# Project Euler #33: Digit canceling fractions

# Project Euler #33: Digit canceling fractions

JialinOuyang + 2 comments When the author made such big changes to the original problem, I think adding some notes to tell users would be better.

On the other hand, the description of the new problem almost tells nothing about the key restrictions. And leave it as a black box to let users guess and discuss.

1) The digits removed from the numerator and the denominator should be the same and could be in any order. For example, 6483/8644=3/4 where the numerator canceled {6,4,8} and the denominator canceled {8,6,4};

2) Leading zeros are allowed in the post-cancled number. For instance, 4808/8414=8/14 is a valid fraction for N=4 and K=2.

tkokan + 0 comments Thanks for this explanation. And I agree, those should be written in the problem itself.

childeroland + 1 comment Many thanks to JialinOuyang, this helped a lot! Here are some additions:

2a) It is OK for leading zeros to be in both the numerator and the denominator of the "cancelled" fraction. e.g. 3016/6032 = 01/02

3) Trailing zeros are not banned, you just mustn't "cancel" them, so 490/980 = 40/80 is OK, but 490/980 = 4/8 is not.

4) Each fraction should only be counted once, even if it can be validly "cancelled" in more than one way, e.g. 1616/6464 cancels to either 161/644 or 116/464, but it only counts once.

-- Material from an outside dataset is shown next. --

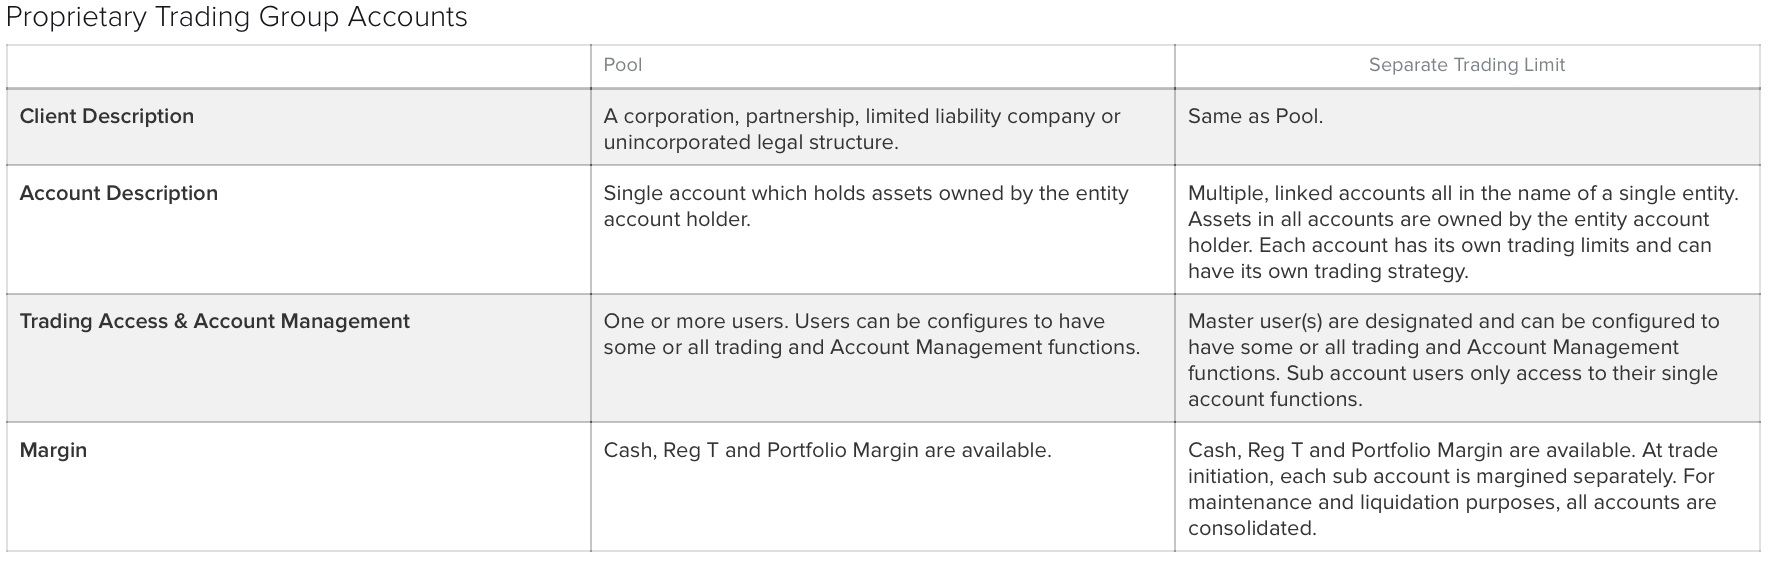 Account details of the Proprietary Trading Group Account on Interactive brokers

5) Fractions don't have to be completely "cancelled", so 1616/6464 = 161/644 is OK even though there are still 6's in both "cancelled" numbers.

I didn't solve this one until I had tried all of the above both ways - I strongly agree the problem statement should be clearer about the rules.

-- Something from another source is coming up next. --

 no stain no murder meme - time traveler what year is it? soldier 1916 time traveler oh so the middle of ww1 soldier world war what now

FOREVER_MAPLE + 0 comments I spend several hours understanding this description. For N=4, K=3. 1306/6530 = 1/5 is not ok. It's not a trivial example. But it cancels zero.

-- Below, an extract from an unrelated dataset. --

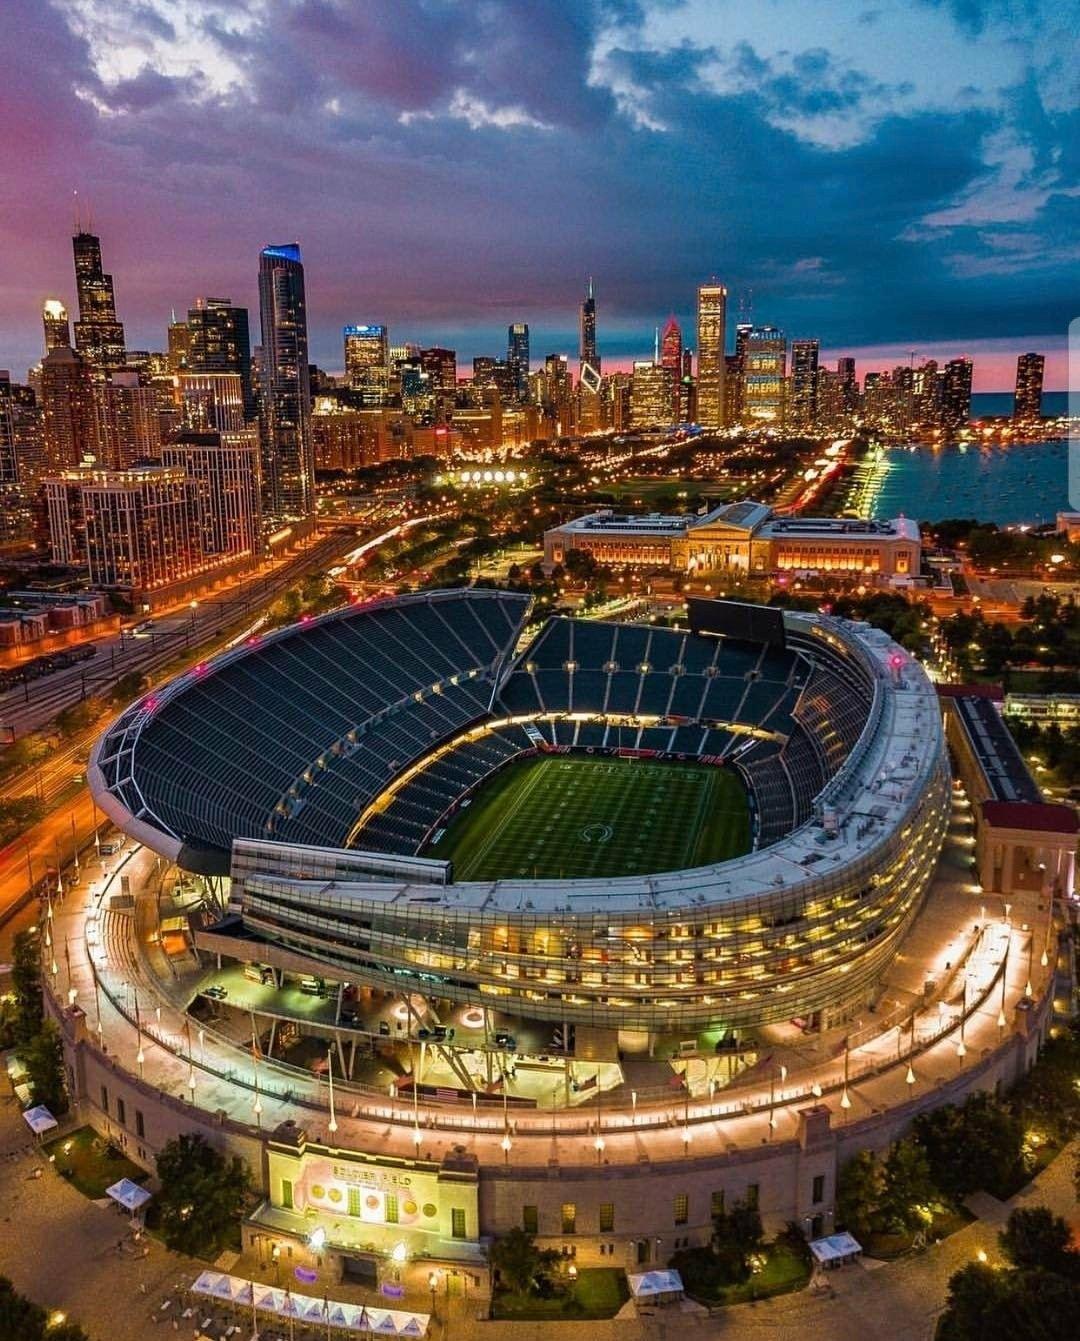 Soldier Field of the Chicago Bears. Chicago Bears

SalvadorDali + 1 comment `Which means fractions where trailing 0's are cancelled are trivial. So we will ignore all the cases where we have to cancel 0's.`

How these two sentences are connected? It is similar to "the cat can eat a mouse. So let's not count elephants in the room".

If we are planning to ignore all the cancellation of 0, why do we need to write something about trailing zeros and trivial fractions?

mdev + 0 comments Dude you are so right. I just wasted my 3 hrs because of the stupid description. I said 'stupid' because the above comment was written a year ago, and still no attempt to revise it. Huh!!!!

nothlione + 0 comments I'm glad I came to Discussions before trying to implement, this time. Thought the question was too ambiguous and it is even more ambiguous than I thought.

The description is terribly stated, lots of people have already pointed out mistakes in it and @shashank21j does absolutely nothing to fix it. Come on, it's been 2 years already.

hagman + 4 comments Is canceling the zero as on 204/102 = 24/12 also called trivial? What about cancelling the non-terminal zero in 100/200=10/20

shashank21jHackerRank AdminChallenge Author + 1 comment We never cancel any 0.

mdev + 0 comments WILL YOU PLEASE ADD THIS TO DESCRPTION ... NEVEEERRRRR CANNNCELLL 0 to 0 .. BE IT TRAILING MIDDLE FRONT anywhere ....

wyllian + 0 comments So, if we have N = 4 and K = 1. Is the number 1908/8904 = 108/804 valid? Note that I'm not "cancelling" number zero and there's no trailing zeros in the original fraction.

wyllian + 0 comments Sorry, my example was very bad. And the answer is not valid. However, I'd like to know if this kind of cancelation is possible. That is, can I "cancel" a digit (different of zero) even when I have zeros (not trailing) in both denominator and numerator?

shashank21jHackerRank AdminChallenge Author + 0 comments @wyllian Yes. you can cancel anything other than 0

yury_dymov + 2 comments Answers for n = 3, k = 1: 77262 163829 n = 3, k = 2: 7429 17305

This should help to reverse engeneer the initial task :)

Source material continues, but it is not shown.